When damaged DNA is not repaired
Sometimes, this is not enough: despite all the DNA repair pathways that have evolved, sometimes a mutation will survive uncorrected through to the next round of DNA replication. At this point, (depending on the nature of the mutation) it may be permanently incorporated into the genome.
When DNA directs the synthesis of a protein from a gene containing a single mutation (through transcription and translation), the mutant protein may contain one incorrect amino acid. This may be of no great consequence, but if the amino acid is crucial (e.g. a catalytic residue at the active site of an enzyme) the resultant protein may be inactive. The malfunction may result in a catastrophic event such as the death of the organism, a genetic disease such as cystic fibrosis or sickle cell anaemia, or a carcinogenic lesion.

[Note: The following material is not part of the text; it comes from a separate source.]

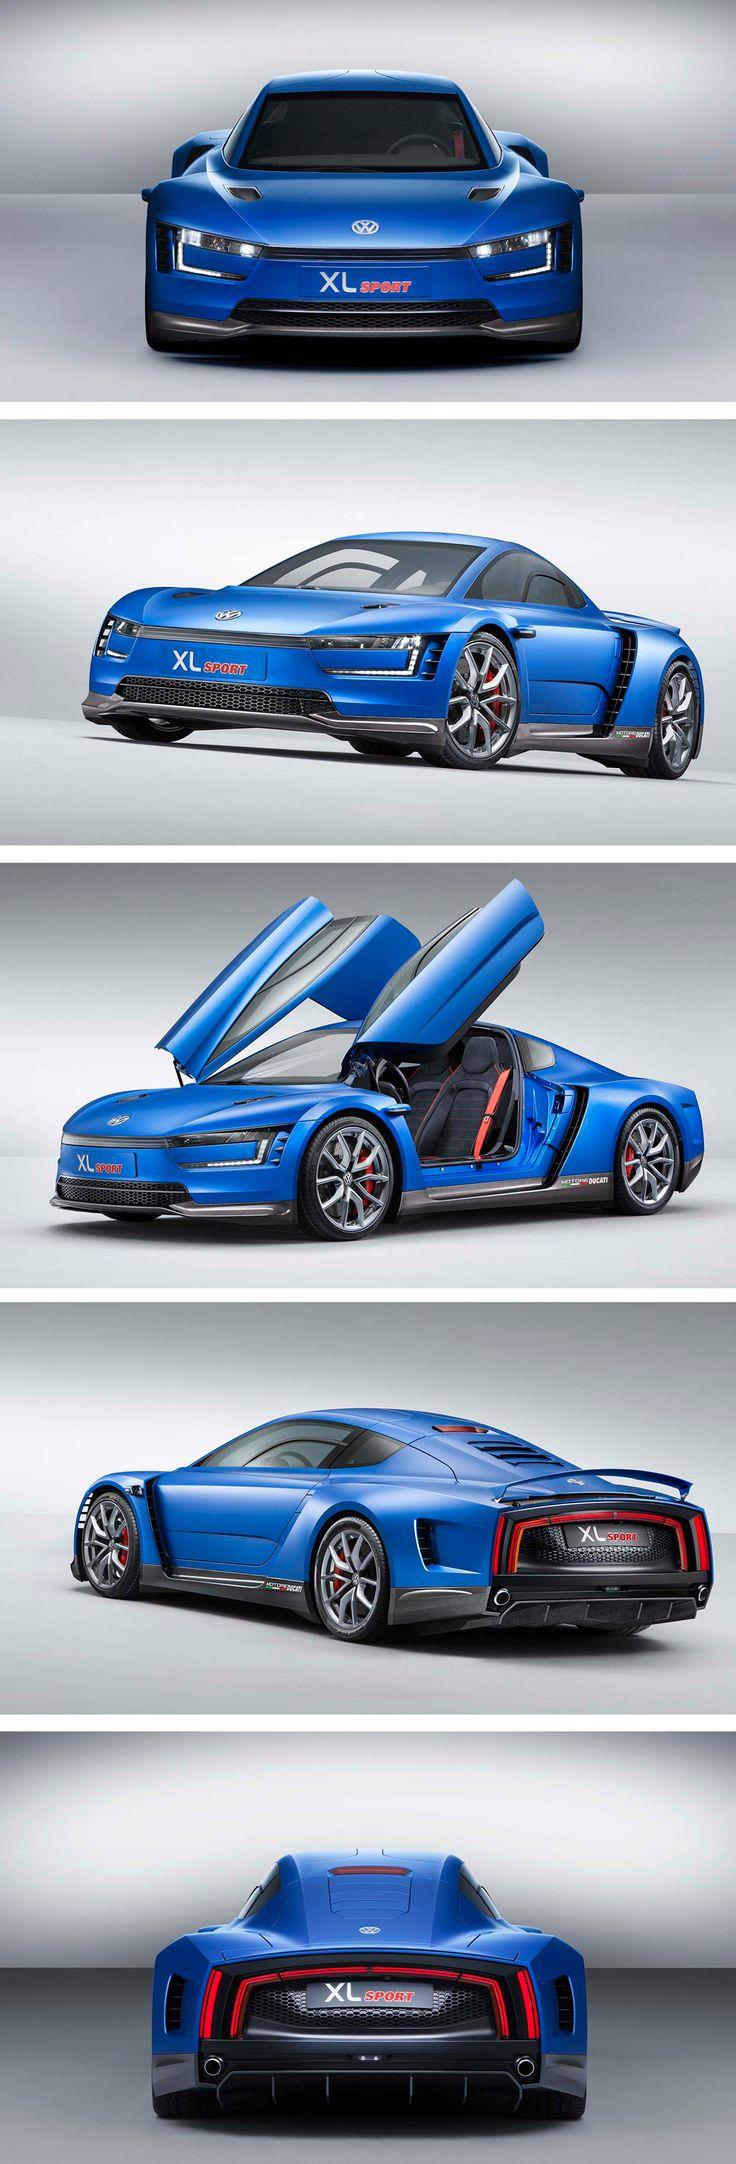 VW XL SPORT mit Ducati Motor https://www.amazon.co.uk/Baby-Car-Mirror-Shatterproof-Installation/dp/B06XHG6SSY

Occasionally, a mutation in DNA will produce a protein that works better than the original, or perhaps performs a new function: the mutant organism will have a competitive advantage over its neighbours, enabling it to spread its new gene through the population.
Evolution is not just something that occurred millions of years ago: it can be seen today in antibiotic resistance. Since the introduction of antibiotics into clinical use in the early 1940s, there has been a strong selective pressure for bacteria to evolve resistance. Strains of bacteria resistant to penicillin were observed in the mid-1940s, and there is a narrow window when any new antibiotic is introduced today before pathogenic bacteria acquire resistance, leading to a never-ending quest to find new antibiotics.
Without errors in DNA replication, evolution cannot occur; and without evolution, we would all be swimming around in a primordial soup. However, too many errors can lead to problems including cancer. A fine balance has evolved to allow just enough genetic variation for evolution to occur.